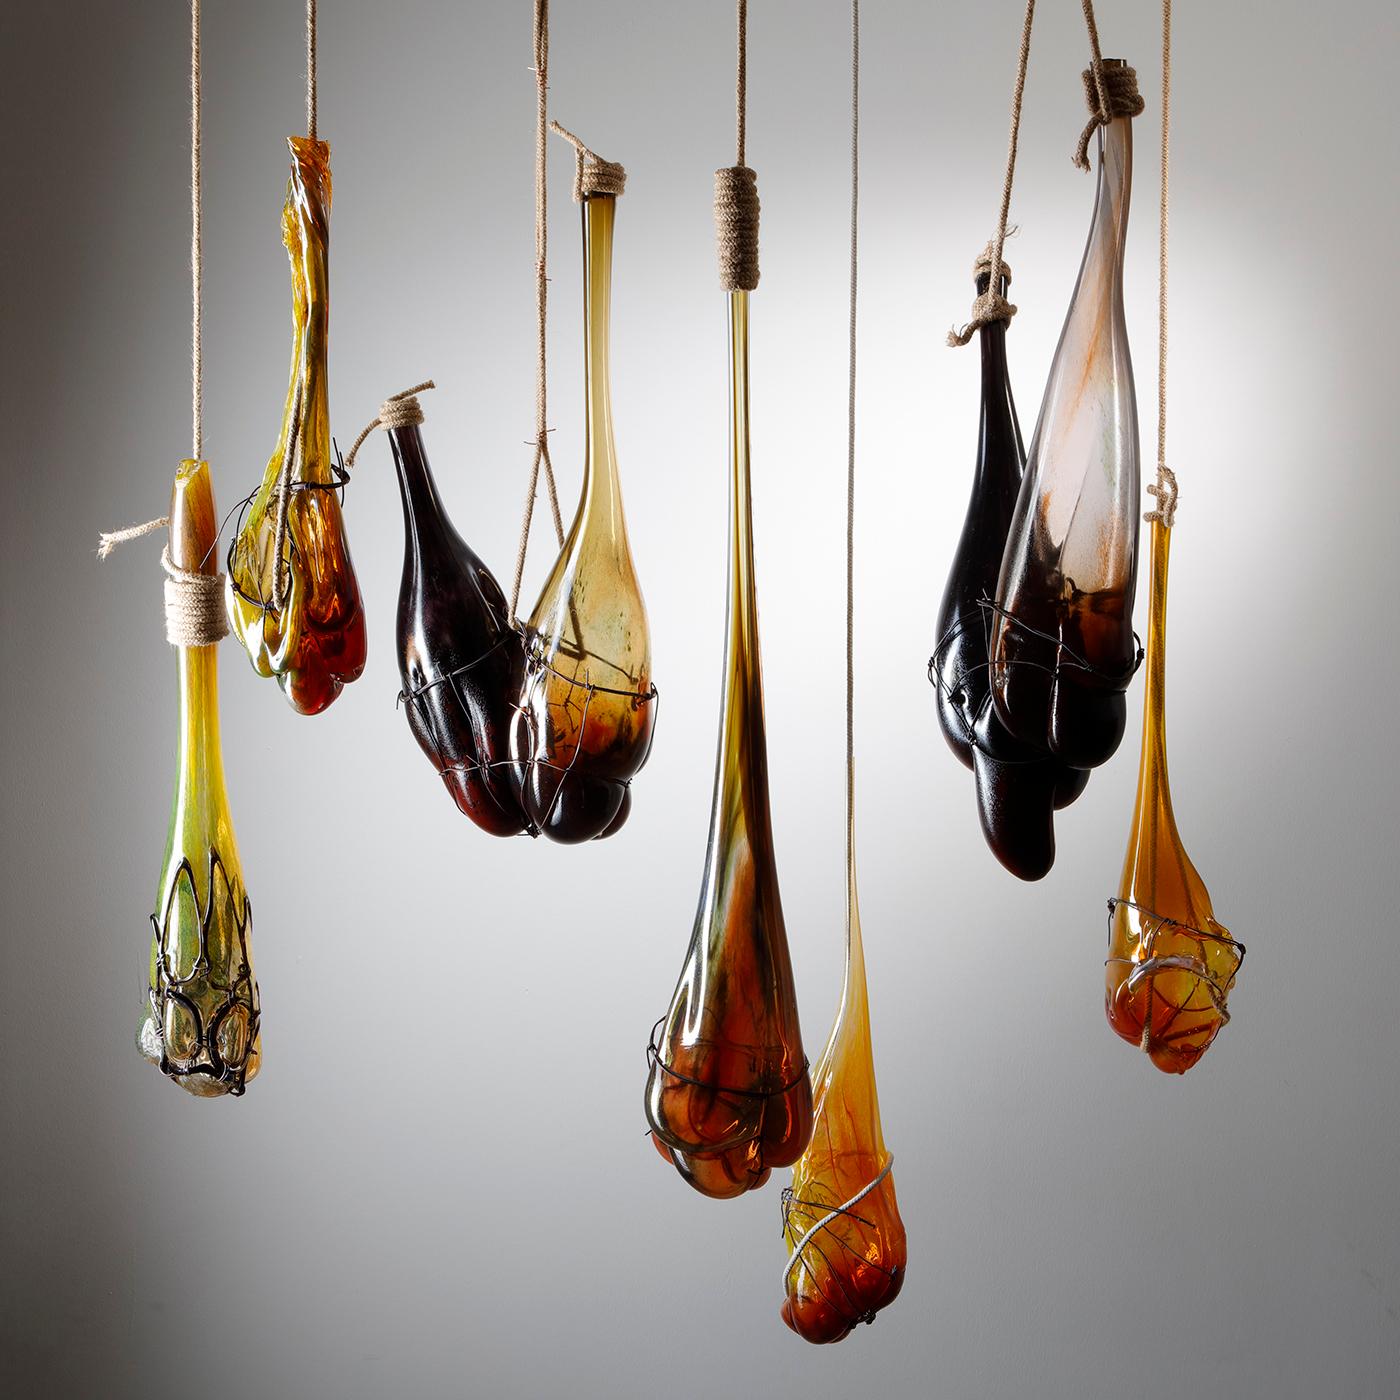 Strange fruit Installation ist eine einzigartige Hängeskulptur des britischen Künstlers Chris Day, die aus mundgeblasenem und geformtem Glas mit Stahl, hessischer Schnur, wiederverwendetem Elektrokabel und Fleischerhaken besteht.

Der in den West
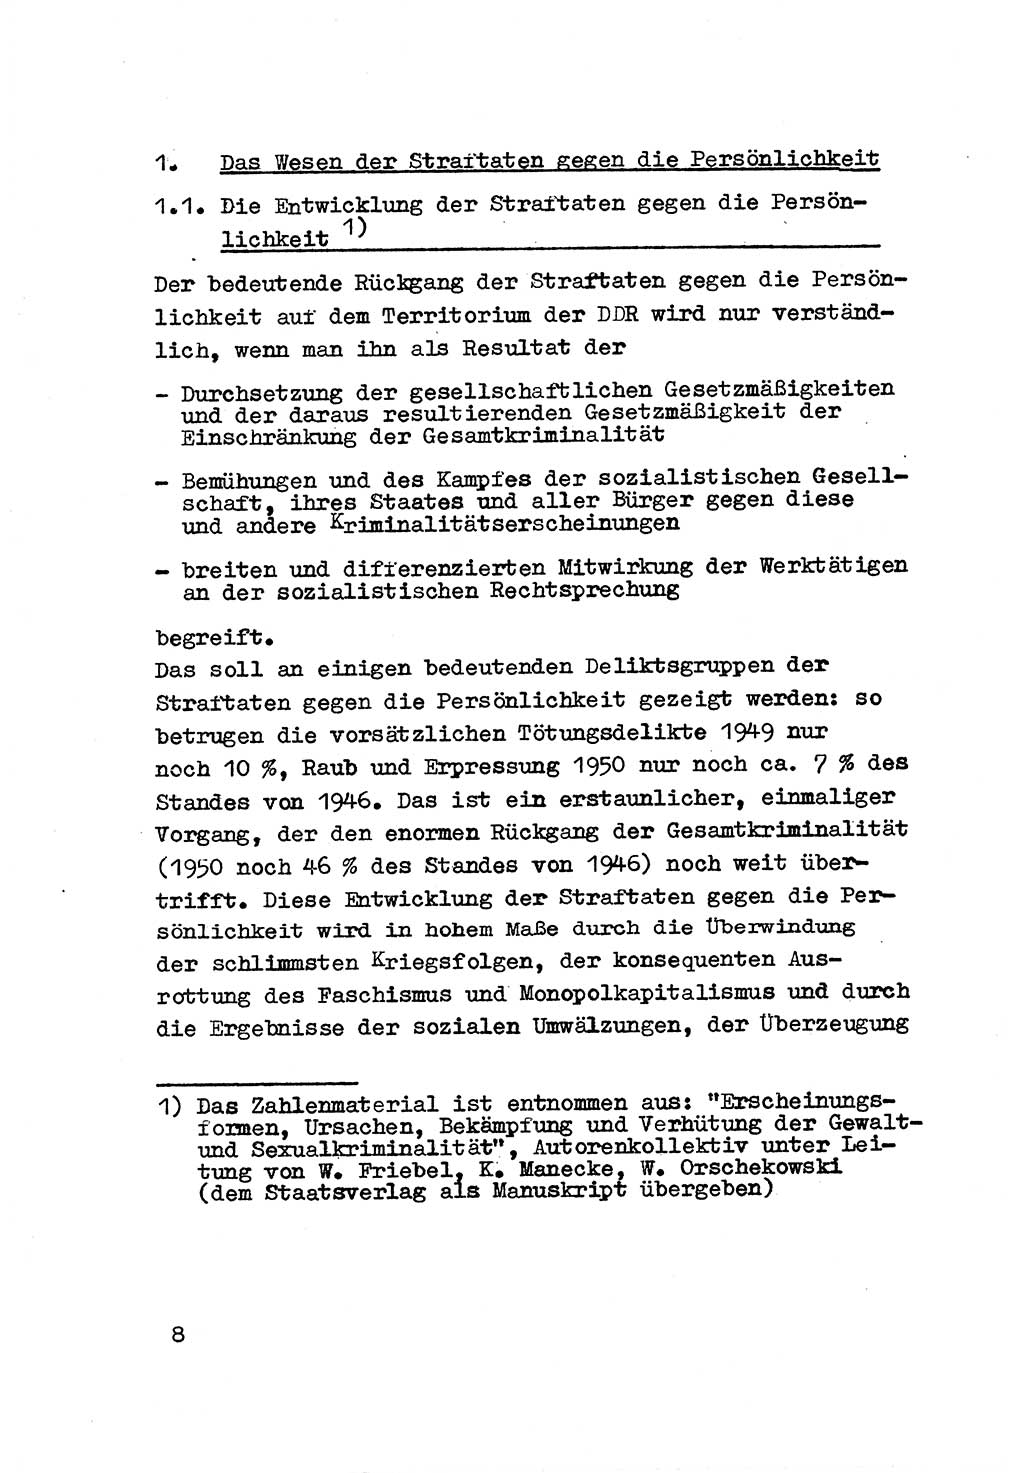 Strafrecht der DDR (Deutsche Demokratische Republik), Besonderer Teil, Lehrmaterial, Heft 3 1969, Seite 8 (Strafr. DDR BT Lehrmat. H. 3 1969, S. 8)
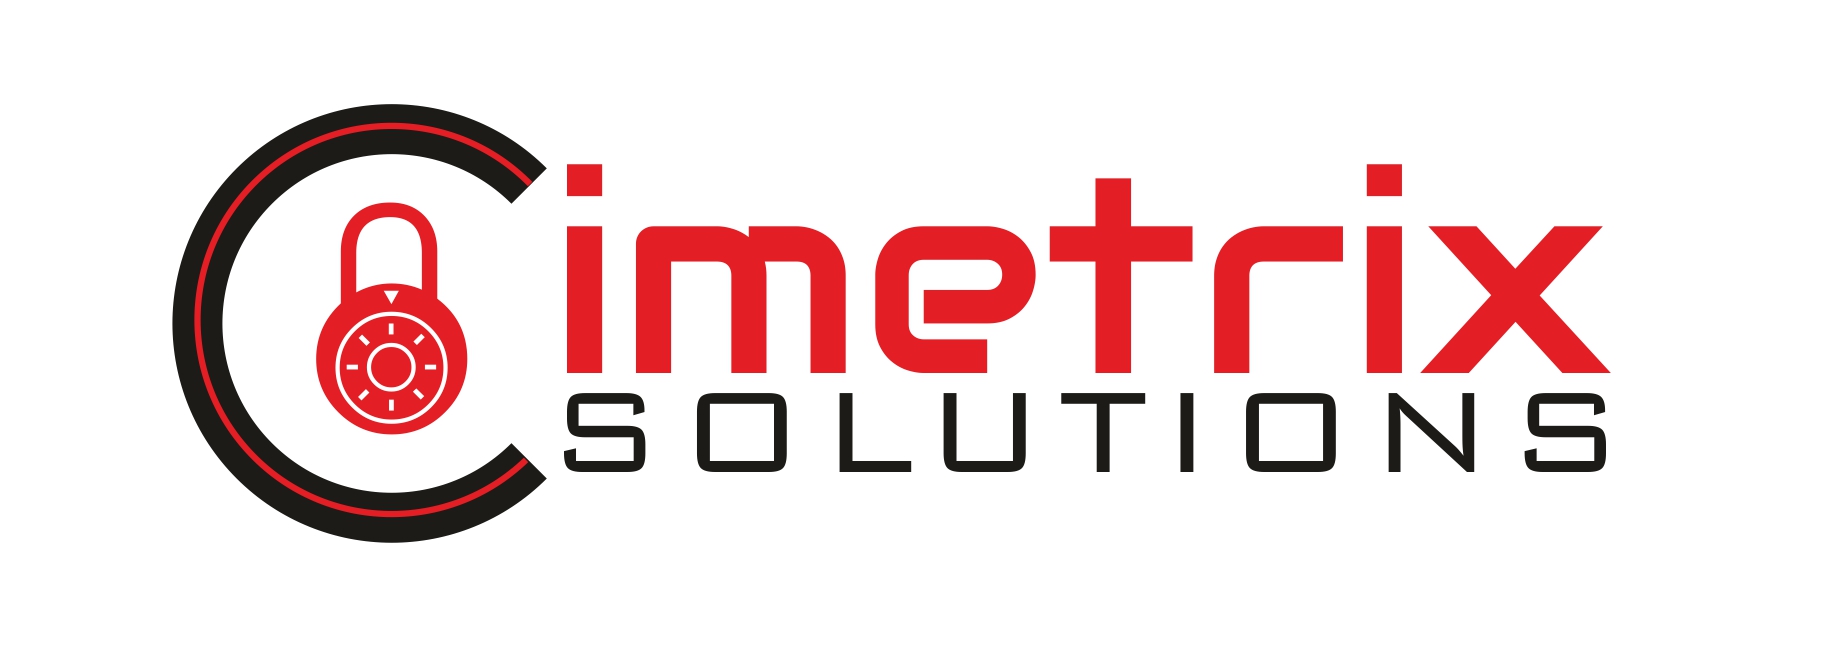 Cimetrix Solutions

Required work
Reproduce the listing exactly, images omitted.

Exercise result
 Strange fruit Installation ist eine einzigartige Hängeskulptur des britischen Künstlers Chris Day, die aus mundgeblasenem und geformtem Glas mit Stahl, hessischer Schnur, wiederverwendetem Elektrokabel und Fleischerhaken besteht.

Der in den West
 Strafrecht der DDR (Deutsche Demokratische Republik), Besonderer Teil, Lehrmaterial, Heft 3 1969, Seite 8 (Strafr. DDR BT Lehrmat. H. 3 1969, S. 8)
 Cimetrix Solutions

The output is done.